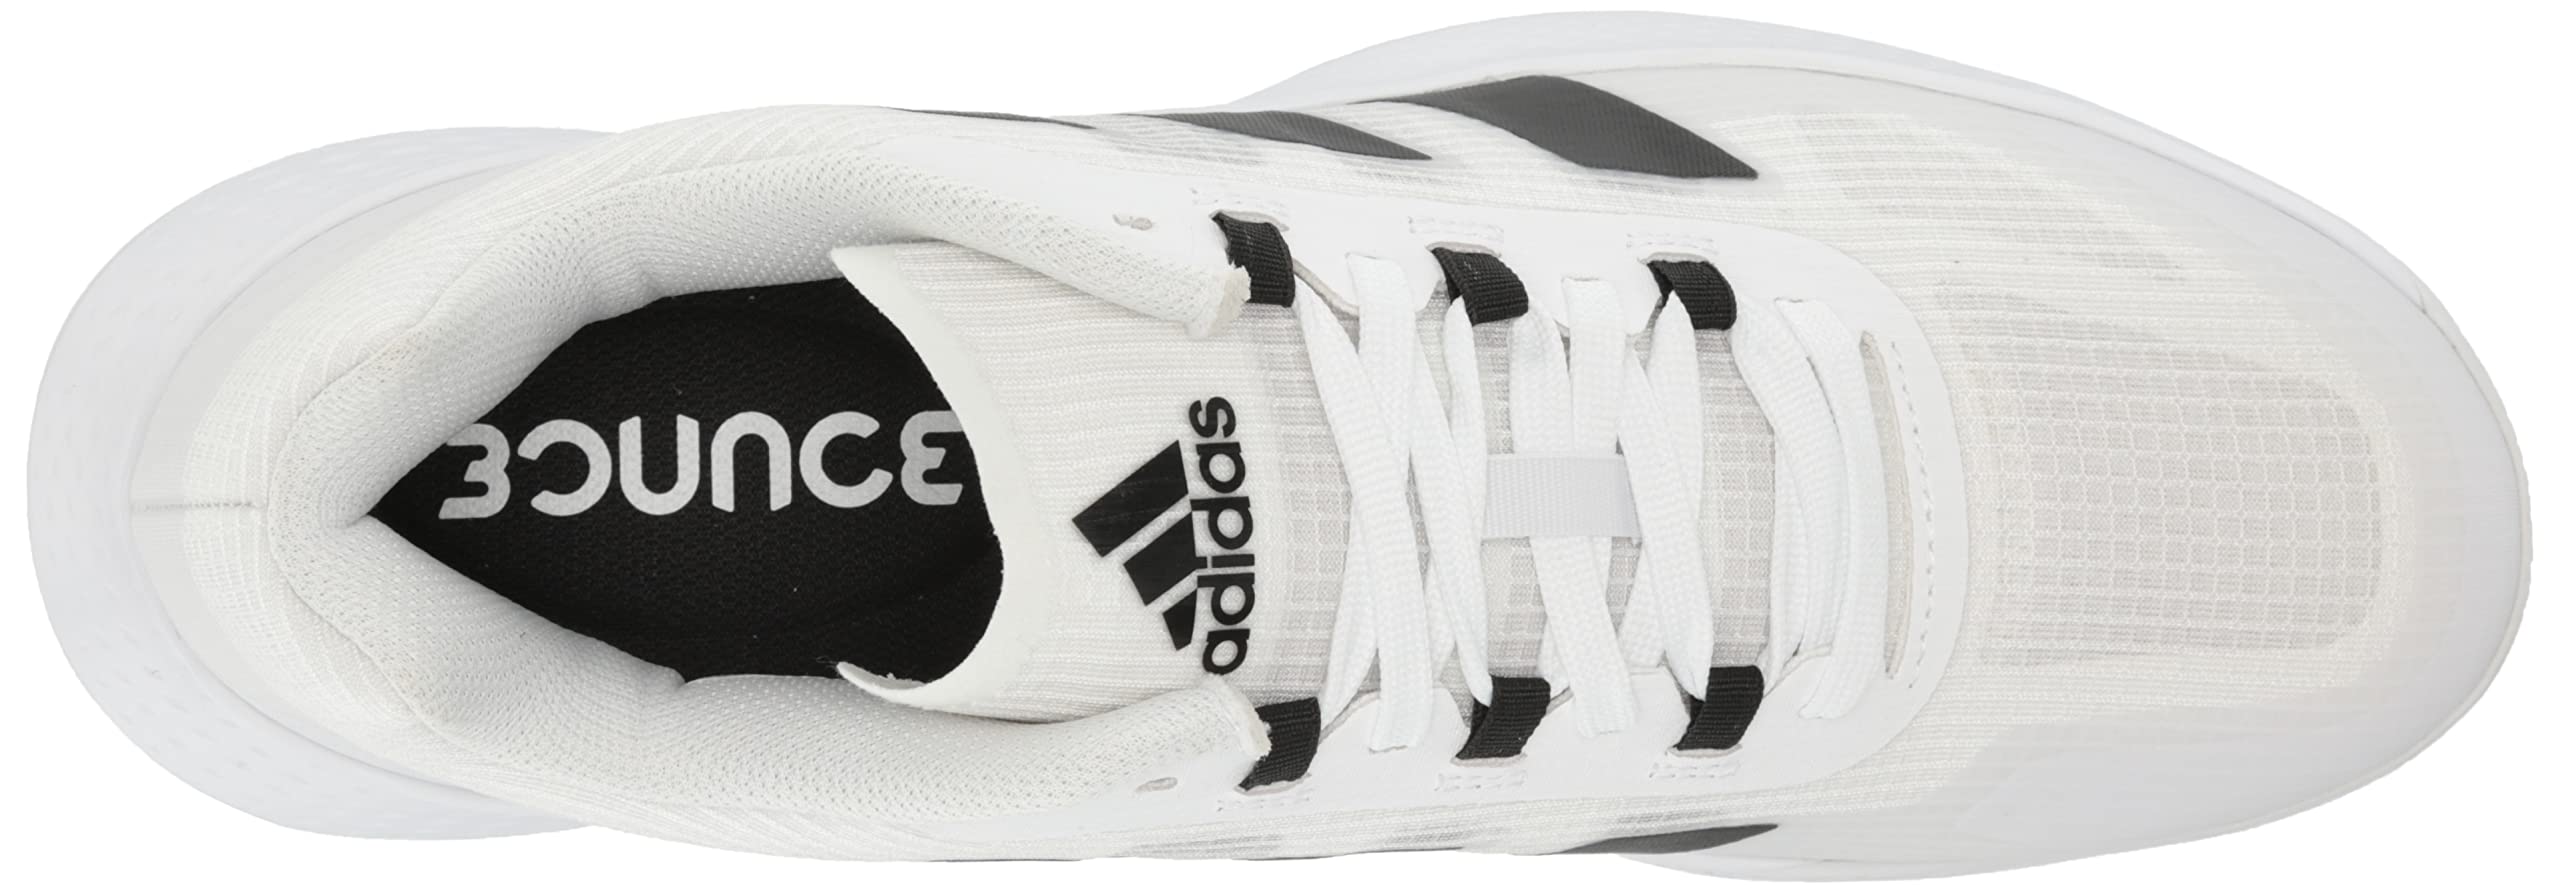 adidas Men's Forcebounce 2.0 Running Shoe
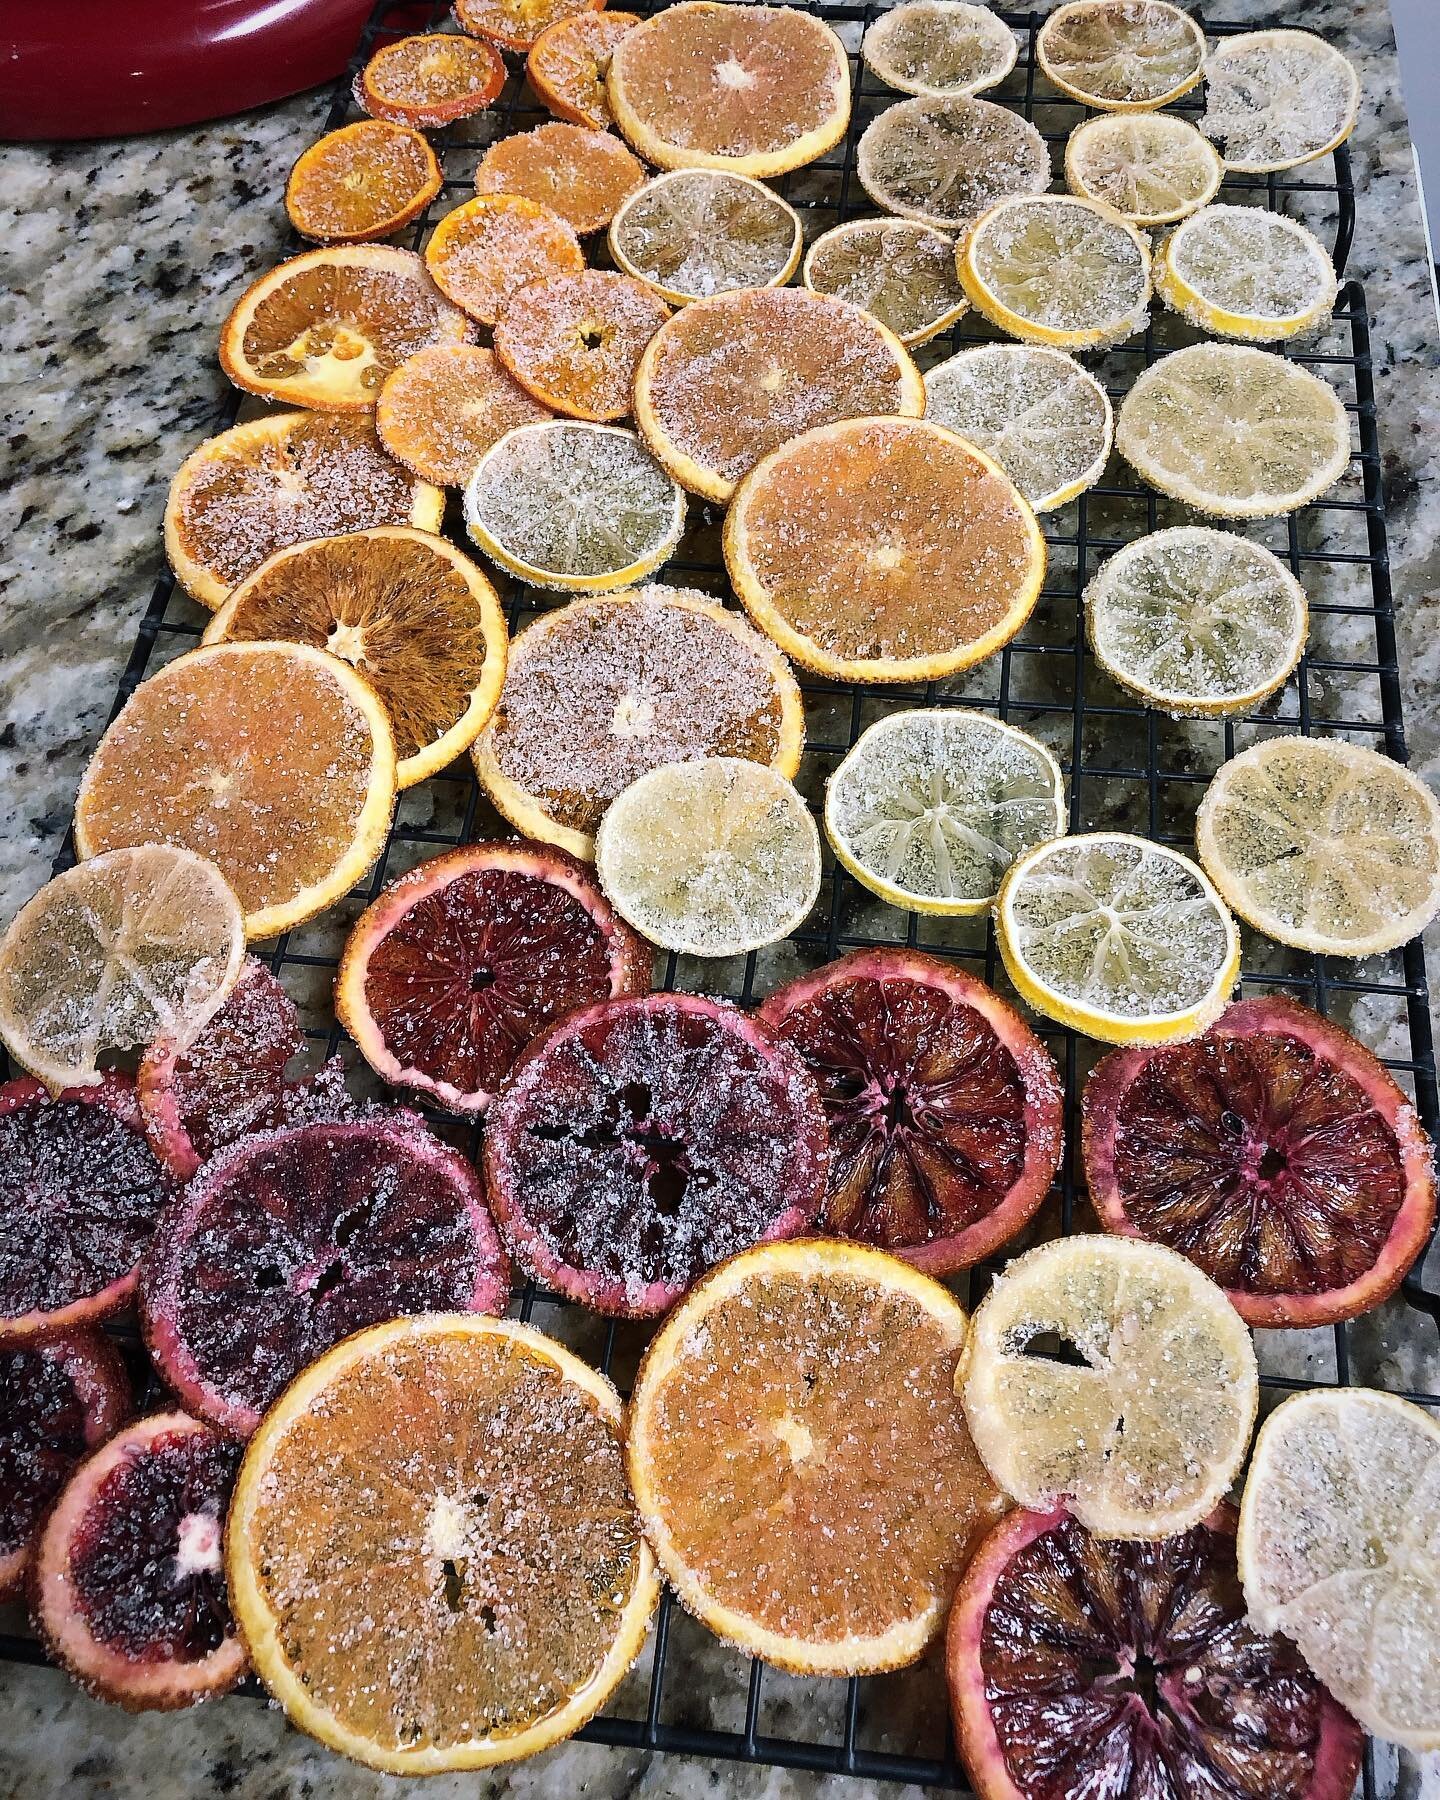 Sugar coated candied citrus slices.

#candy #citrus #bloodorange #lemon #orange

-------------------------

_Directions for this task_.
A word-for-word reprint of the listing above is needed, minus the pictures.

_Completed task_.
 adidas Men's Forcebounce 2.0 Running Shoe
 Sugar coated candied citrus slices.

#candy #citrus #bloodorange #lemon #orange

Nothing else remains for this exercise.